Продолжить спор «верю — не верю» мы не смогли, вернулся Беляев. Раздал нам значки-бейджики и повел в конференц-зал. Вот-вот все должно было начаться.
Участники конференции, журналисты и простые слушатели были настолько увлечены собой, своими знаниями и достижениями, что не обращали на нас внимания. Никого не смутили три школьницы и мужчина с внешностью профессора и восторженным взглядом подростка. На нас никто не смотрел ни в коридоре, ни в самом зале, когда мы занимали места. Надо было радоваться, но меня этот факт расстроил и немного насторожил.
Мужчины в военной форме с рядами наград говорили много и ни о чем. То же самое, только скрытое за мишурой трудно выговариваемых терминов, вещали и люди в наглаженных костюмах с выражениями лиц снобов. Были и космонавты. Бывшие, нынешние. И они что-то рассказывали, туманно, чтобы не догадались о сожалении и горечи в каждом слове.
Они говорили, а мы слушали. Я глотала каждое слово, но насытиться не получалось, ведь звучали пустышки. Ната, услышав интересные рассуждения или объявление об открытии чего-то там, погрузилась в размышления. Варя же продолжала подозрительно коситься на Олега Беляева. Действительно подозрительно, почему все, кто имеет отношение к космосу, а, тем более, к Марсу, находятся на трибунах, а он здесь — рядом со школьницами в толпе журналистов.
Все они не упускали возможности упомянуть экспедицию на Марс, последний полет дальше орбиты Земли. Оказалось, что человек не так-то твердо стоит на дороге к звездам. Хватило одной ошибки, чтобы отбросить мечту на долгое время назад.
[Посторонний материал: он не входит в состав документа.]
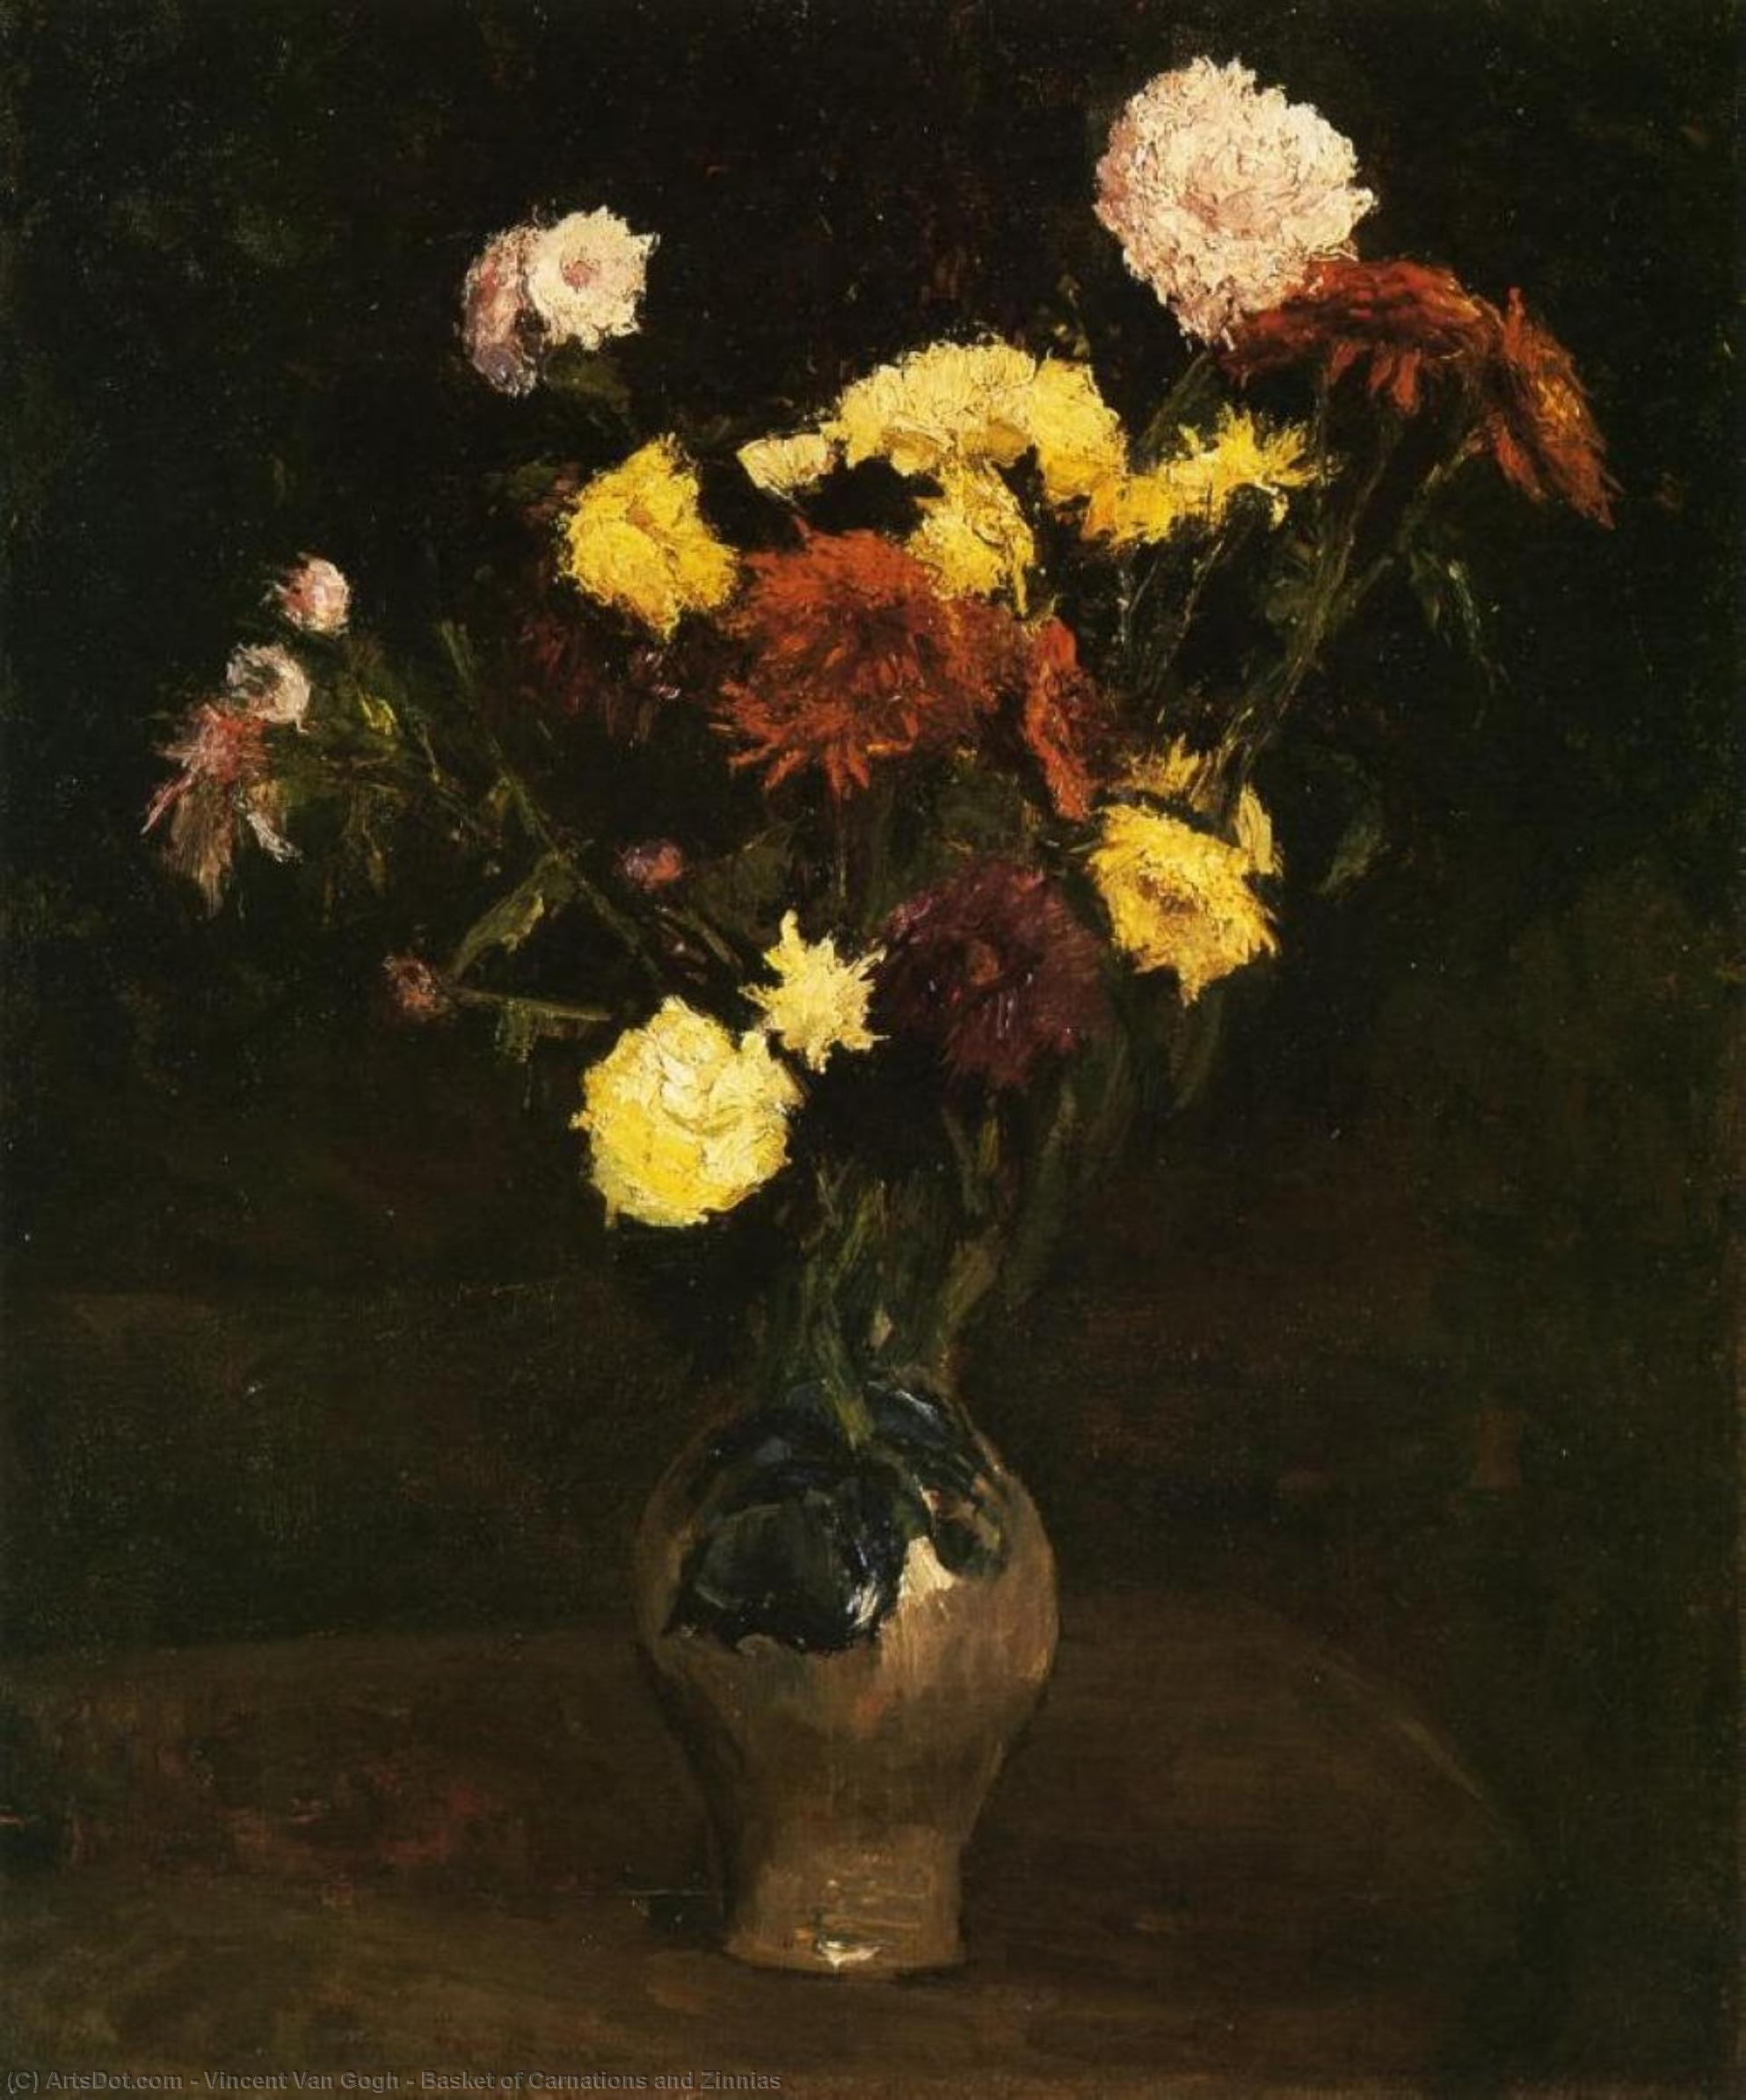 WikiOO.org - אנציקלופדיה לאמנויות יפות - ציור, יצירות אמנות Vincent Van Gogh - Basket of Carnations and Zinnias

Авария при посадке космического корабля, вернувшегося с Красной планеты, перечеркнула все. Полтора года полета и десять лет подготовки, миллиарды долларов и рублей, вложенных в марсианскую программу, исследования, научные разработки, эксперименты — все стало никому не нужным!
Одна авария. Для правительств, налогоплательщиков, прессы, всей общественности этого хватило. Сначала появились намеки, затем пошли неутешительные выводы, потом загремели обвинения и, в конце концов, большинство исследований, направленных на освоение других планет, было приостановлено. Лаборатории, исследовательские институты искали выгоду не в космических программах, центры подготовки пустели.
Мечта о полетах в космос покрывалась пылью, ветшала и превращалась в тлен. Но для нас она не утратила своей привлекательности. Мы все так же верили, что станем космонавтами, полетим не только к соседним планетам, но и выйдем за пределы Солнечной системы. Звездный путь ждал, манил нас. И мы пройдем по нему!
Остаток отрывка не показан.